Upscaling: Currently Gaia HQ gives me the best results when scaling from 768x576 to 1920x1440.

Color Correction: I use After Effects for all color correction and Compositing. It is important to apply Texture Management on upscaled footage: Denoise with Neat Video and Renoise with Red Giant Renoiser. The results just look like film footage.

See examples here:

Cheers
Marc

Hi @carlo3 and @Marc_Potocnik
We are working on a Deinterlacing model. It’s likely going to be ready at the end of this year or early next year for release. If you’re interested in testing and getting a sneak peak, we do have a beta group here:
https://community.topazlabs.com/g/Video-Beta-Testers

1 Like

Hi Emily, thanks a lot, i’m just in beta group and i will be happy to test newer version, especially about interlacing models.
I had many videos to test from different sources from vhs capture to miniDv, to HDV and more.

1 Like

Hi Marc, thanks a lot for suggestion. In past i used Fields kit but i not like the result, redgiant give me better result about static frame vs partial motion.
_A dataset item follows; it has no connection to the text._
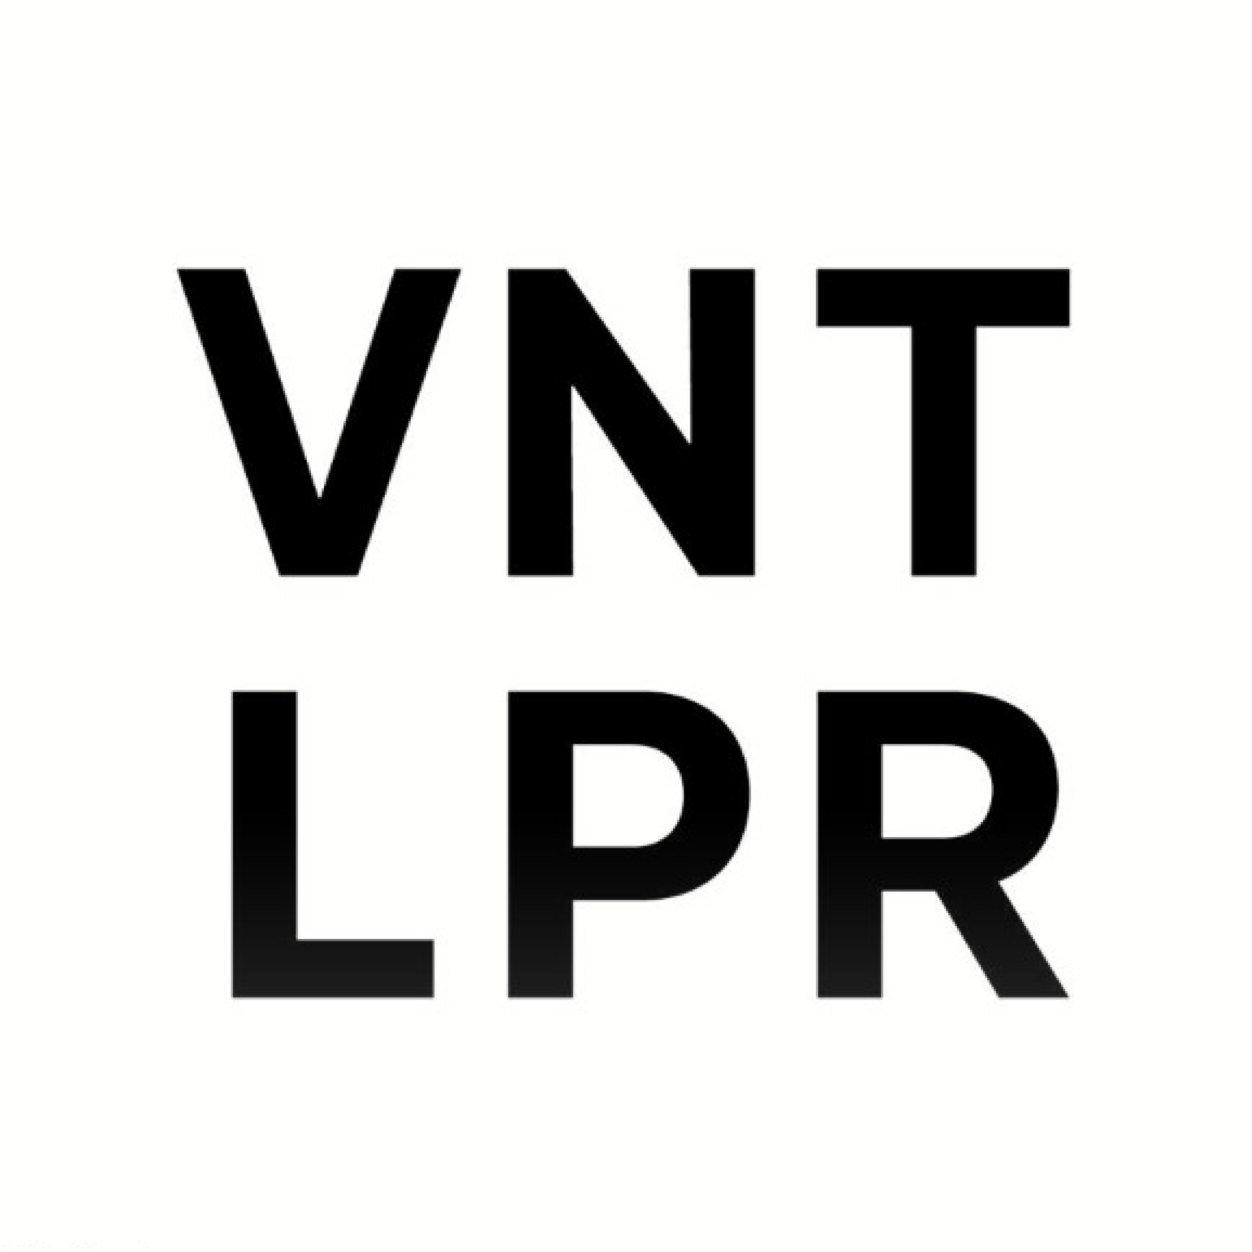 Vinteloper_Reverse_Logo

But everytime i check and test in different way.
I use Resolve for color correction and regrain, but my problems are before it, are during preparation of clips for VEIA.
In the last night i upscaled some terrible videos, 640x480 shooted with a bridge in 2005, and result are astonish…


[please forget the foreground, but see the quality of cat fur]
in this period i try to restore and old work, dvcam interlaced, but the result are not so good. i deinterlace in different way (resolve, after, redgiant frames, and more), denoise with neatvideo before export, i keep original pixel, i changed resolution but the result are not more a common upscaling, no miracle or dectails recognized.
i’m wrong in something but i not understand where.
VEIA expects a certain resolution? some format size? some color sampling? what are the best source for veia to activate one or another Ai model to recognize shape and dectails?
i’m going to think too complex ?
if someone give me more info i will be happy to learn.

1 Like

QTGMC in Hybrid does an amazing job with deinterlacing, cleaner than anything else I’ve seen. I couldn’t make it work on Mac, so I use it in Windows (Bootcamp). No command line knowledge is required, although admittedly it is a clunky interface.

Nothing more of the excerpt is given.